What makes Spark faster than MapReduce

Question

Understanding the code design and logic differences between Apache Spark and Hadoop Map Reduce.

Neha · Answer 1 · Jul 27, 2018

Let's first look at mapper side differences

Map Side of Hadoop Map Reduce

Each Map task outputs the data in Key and Value pair.
The output is stored in a CIRCULAR BUFFER instead of writing to disk.
The size of the circular buffer is around 100 MB. If the circular buffer is 80% full by default, then the data will be spilled to disk, which are called shuffle spill files.
On a particular node, many map tasks are run as a result many spill files are created. Hadoop merges all the spill files, on a particular node, into one big file which is SORTED and PARTITIONED based on number of reducers.

Map side of Spark

Reduce side of Hadoop MR:
- PUSHES the intermediate files(shuffle files) created at the map side. And the data is loaded into memory.
- If the buffer reaches 70% of its limit, then the data will be spilled to disk.
- Then the spills are merged to form bigger files.
- Finally the reduce method gets invoked.
Reduce side of Apache Spark:
- PULLS the intermediate files(shuffle files) to Reduce side.
- The data is directly written to memory.
- If the data doesn't fit in-memory, it will be spilled to disk from spark 0.9 on-wards. Before that, an OOM(out of memory) exception would be thrown.
- Finally the reducer functionality gets invoked.

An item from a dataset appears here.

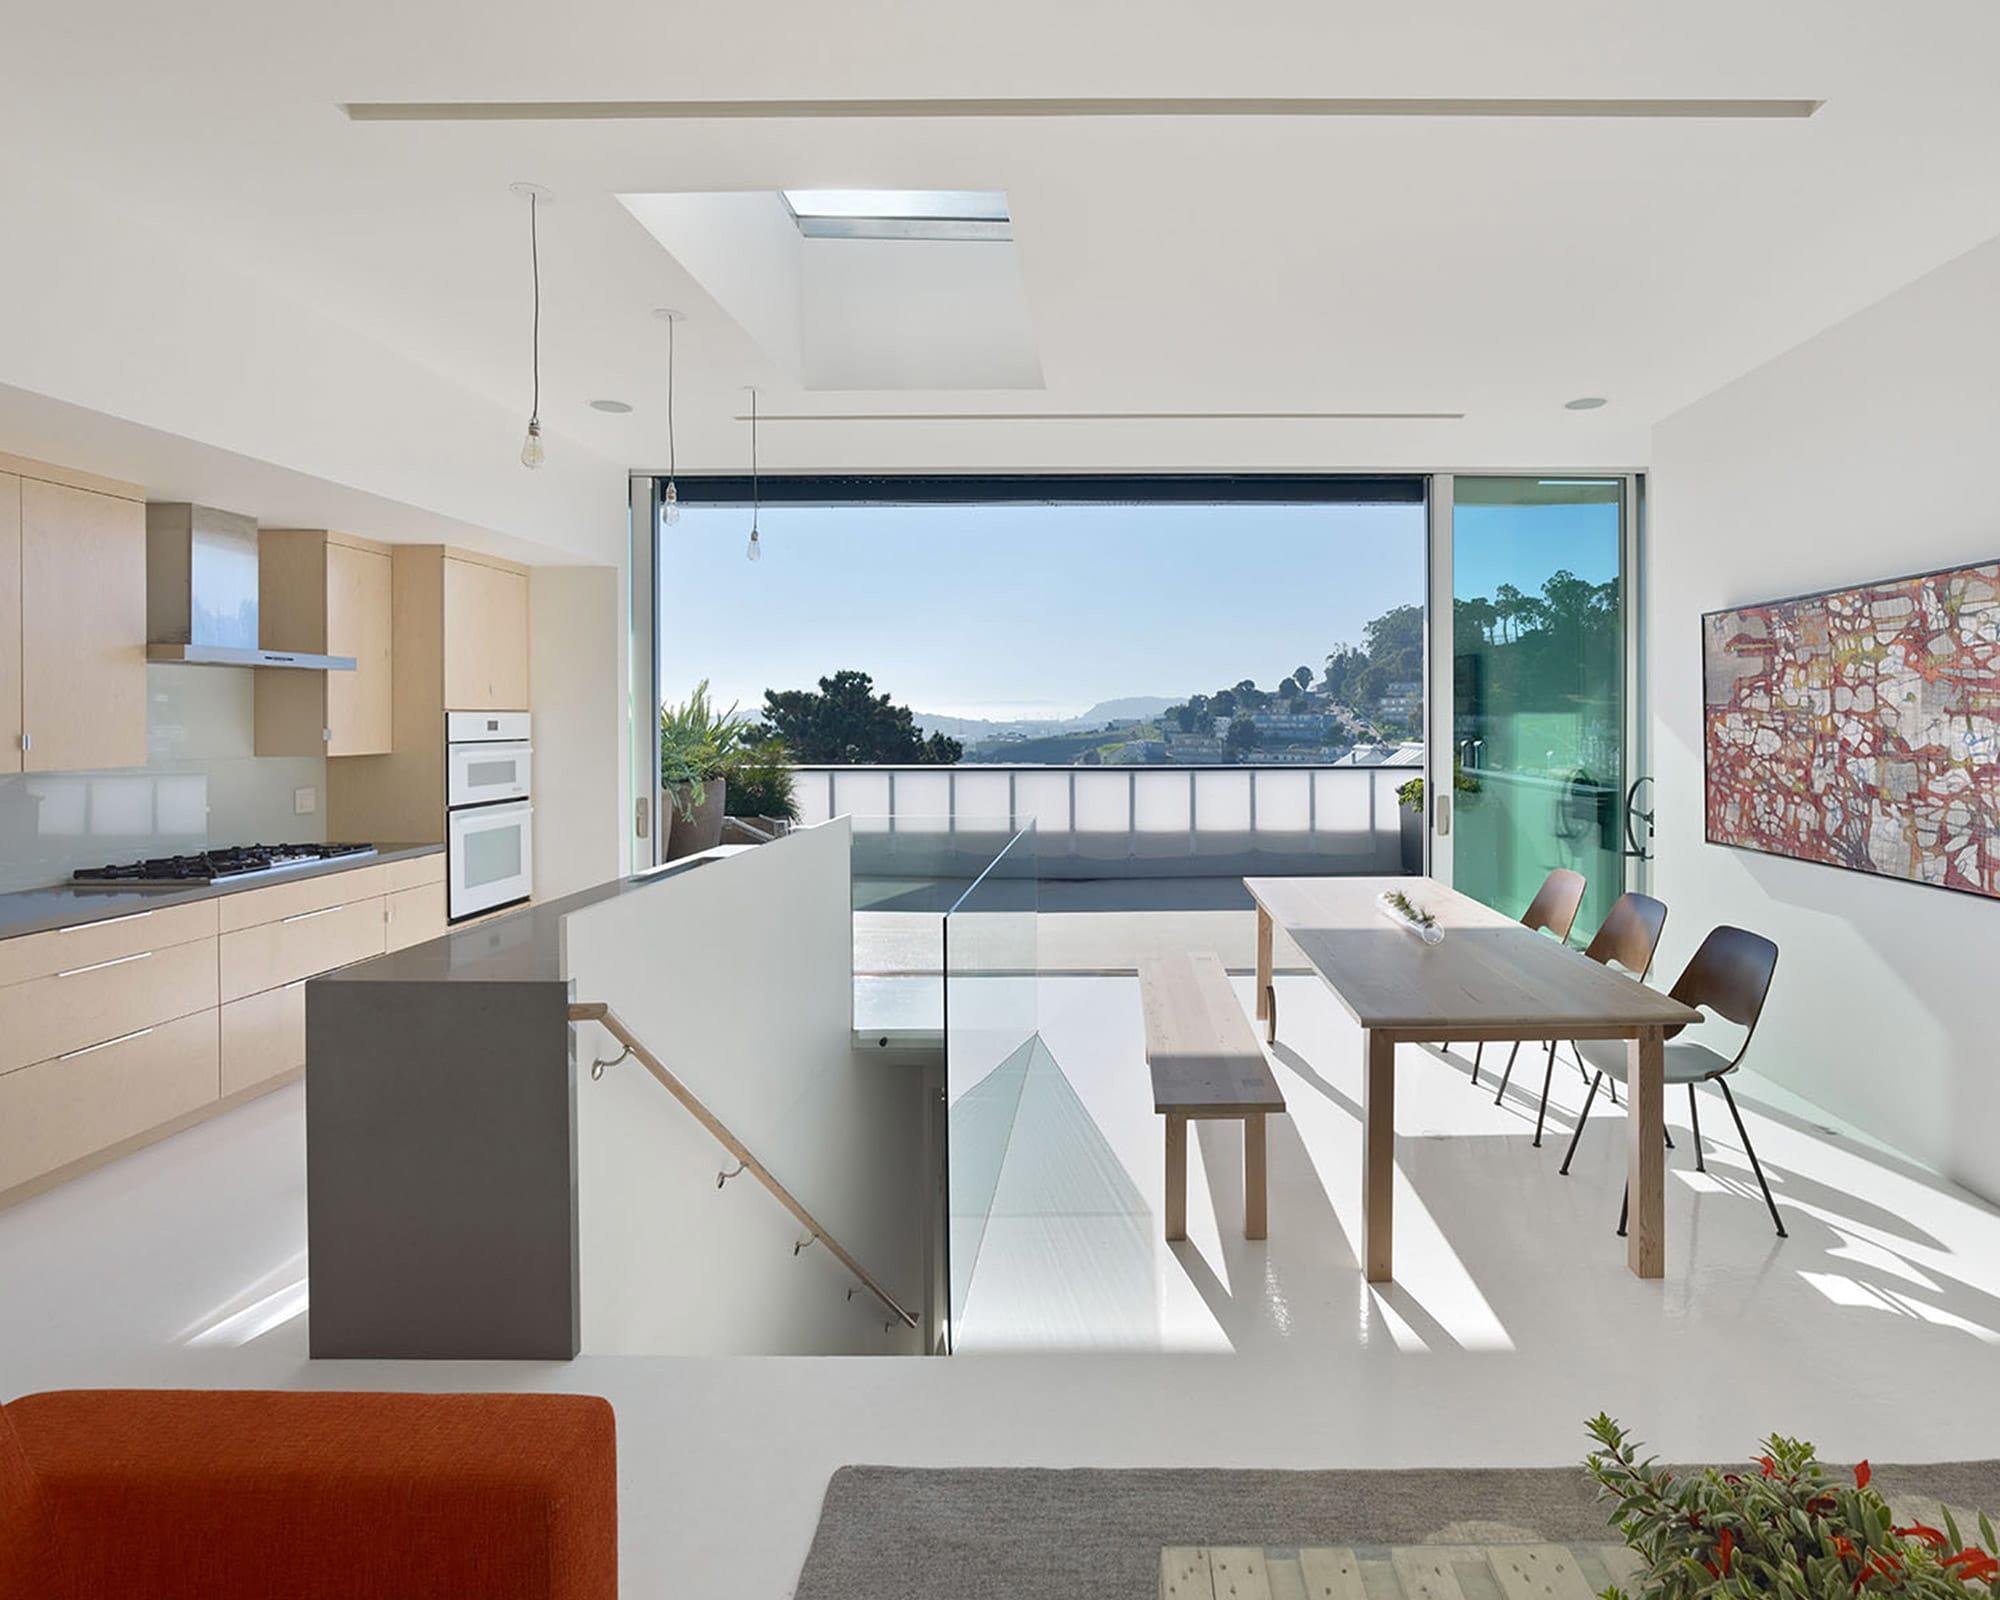 Mork Ulnes Architects Bruce Damonte 183 20th Street 183 Divisare

Other important factors are as follows

Spark uses "lazy evaluation" to form a directed acyclic graph (DAG) of consecutive computation stages. In this way, the execution plan can be optimized, e.g. to minimize shuffling data around. In contrast, this should be done manually in MapReduce by tuning each MR step.
Spark ecosystem has established a versatile stack of components to handle SQL, ML, Streaming, Graph Mining tasks. But in the hadoop ecosystem you have to install other packages to do these individual things.